El Mago
Llegaste por azar a mi vida, sin saber el juego que comenzaría, con tu dulce mirada me abres el camino a este sueño
deliciosa ilusión me entregaste al abrir las manos, cae tu capa quedando expuesta la magia, estamos la noche y yo... tú y la noche.
Comienzas el primer acto, pero aqui no hay un conejo en el sombrero, solo los más deliciosos deseos... trucos, ilusiones, todo será lascivia y lujuria en esta función, vas encantando a pasos sueltos hasta mis más íntimos senderos.
Tinto esta el cielo, perfecto fondo para el escenario de tu sortilegio, me vuelves maliciosa en medio de este ensueño que me regalas, trazas con tus dedos lineas muy finas en mi piel, argucias para acompañar tu habilidad de mago...cuentas tres y apareces un suspiro que atrapas de mis labios, derramando en ellos tiernas palabras de magia blanca encantando mis sentidos.

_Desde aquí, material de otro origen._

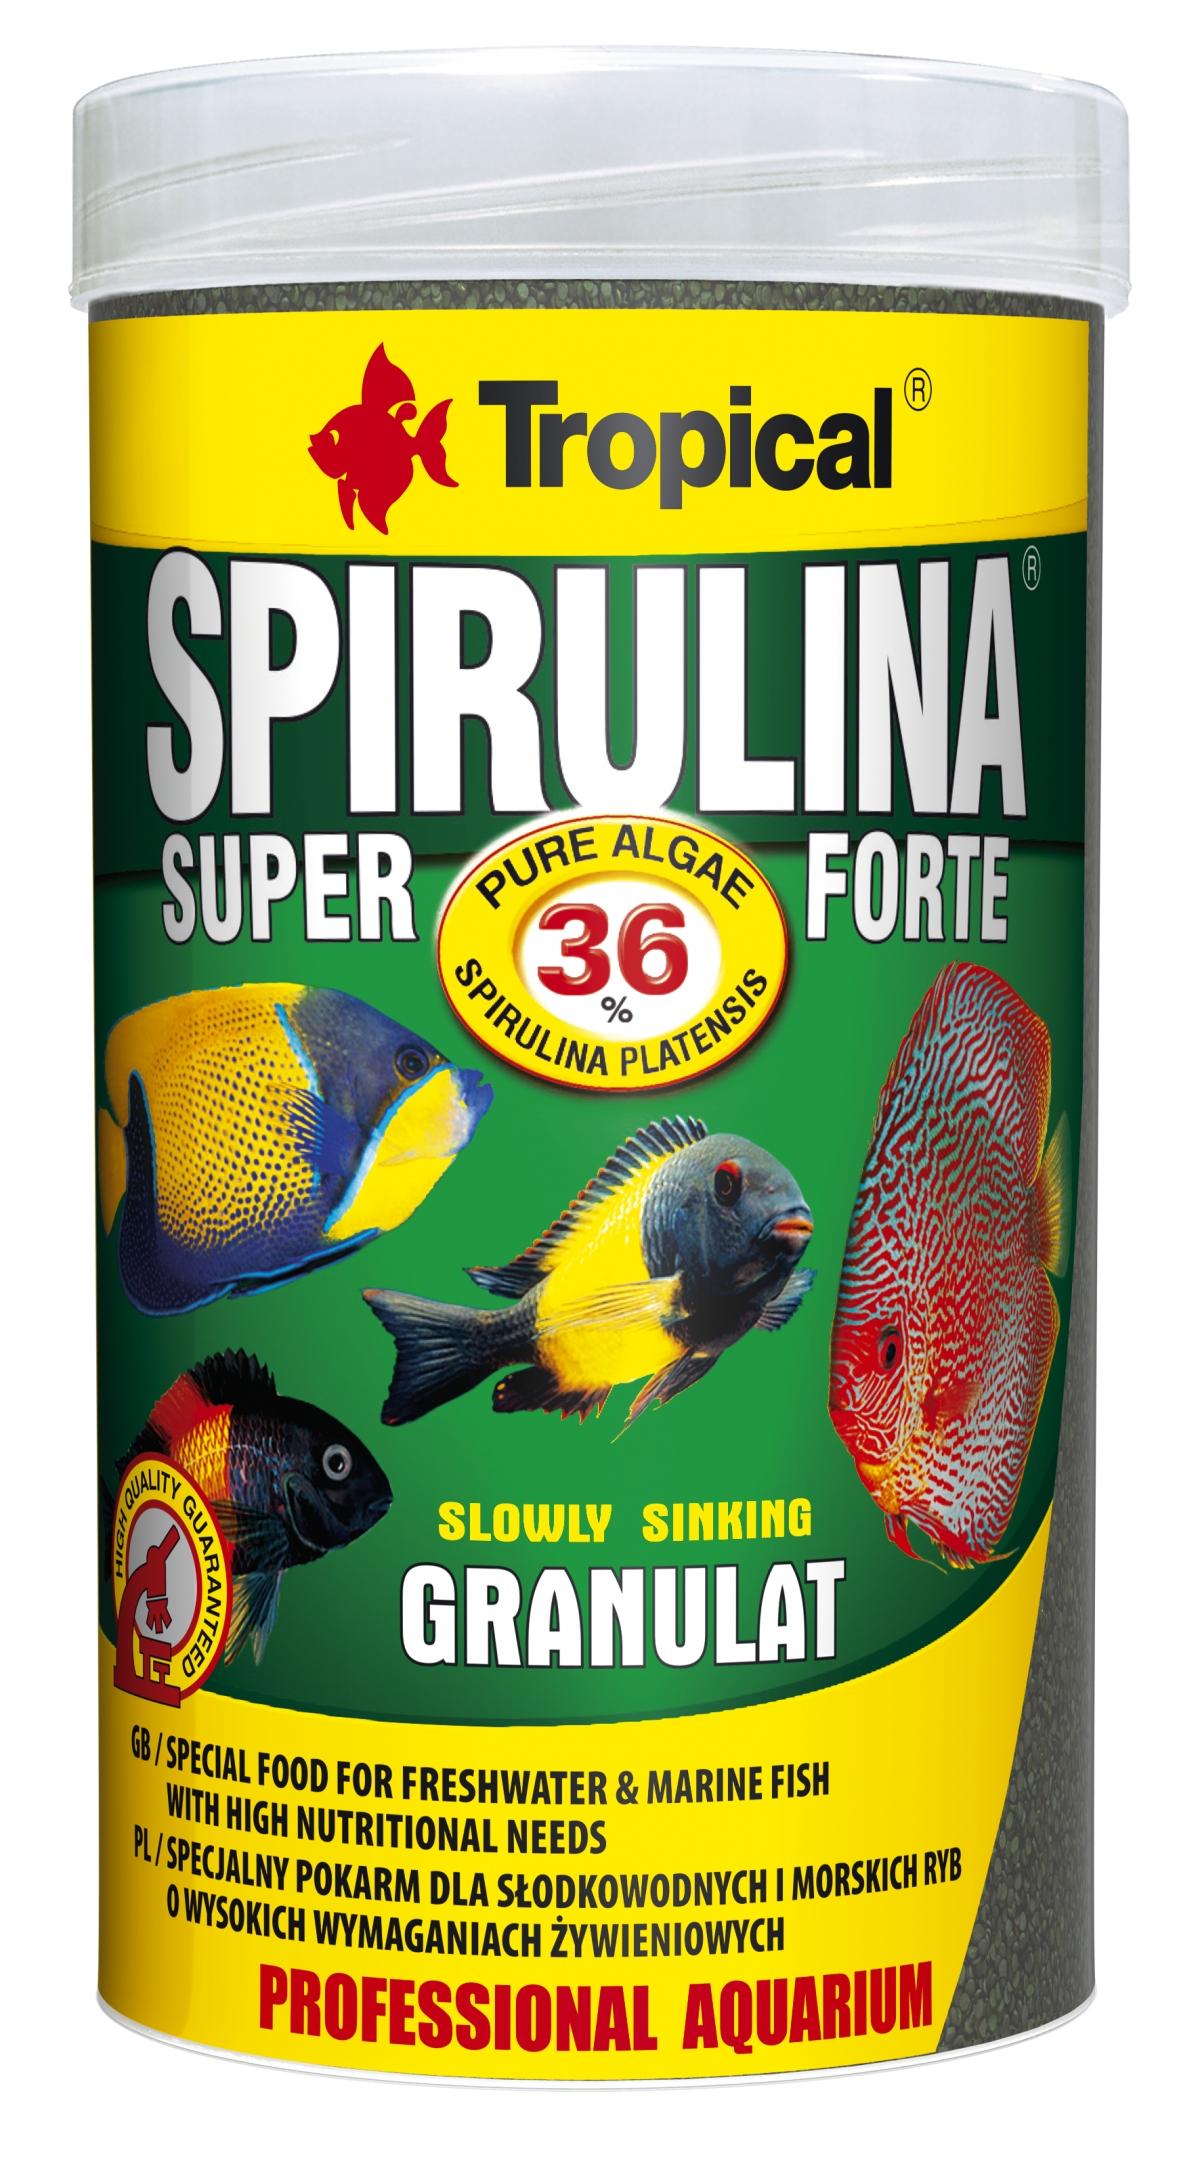 Tropical Super Spirulina Forte Granulát 36% - 1000ml /600g

Pasan poco a poco las horas, se van llenando con la impudicia de todos tus actos, desafías lo posible, un pase de tus manos y me conviertes en fiera que salvajemente te envuelve con el cuerpo, caen suaves gotas de sudor y esta energía las levita a nuestro alrededor, formando las estrellas de la noche espesa, que titilan bailando entre los jadeos y nuestra piel erizada... de nuevo uno... dos... y con tu calor cortas por mitad un gemido de mi esencia, para cubrirlo después con tu boca, uniéndolo con la humedad de un beso inténso; se acerca el final de este mágico momento, ovación de los sentidos, gritos de placer que se mezclan con el sonido de la madrugada, terminamos exhaustos entre fuego del mejor de todos los actos.
Quedamos tendidos en la marea que dejó tu magia, los cuerpos entrelazados, respiraciones agitadas; de pronto me murmuras al oído... - llegó la hora, aqui está el gran final-... te levantas haciendo una gran reverencia, levantas los brazos, todo en la habitación se eleva, y desvaneces la materia, te acercas y me arrastras hacia tu cuerpo, siento como tu piel ambar me enciende de nuevo, me tomas suevemente de las caderas, mirando muy dentro de mi, bailamos al compás de tu voz, y cuando pierdo la voluntad me encajas tus ojos oscuros, sonríes de una manera perversa...
- uno...dos y mi alma es tuya, llevándola contigo a tu mundo de quimera.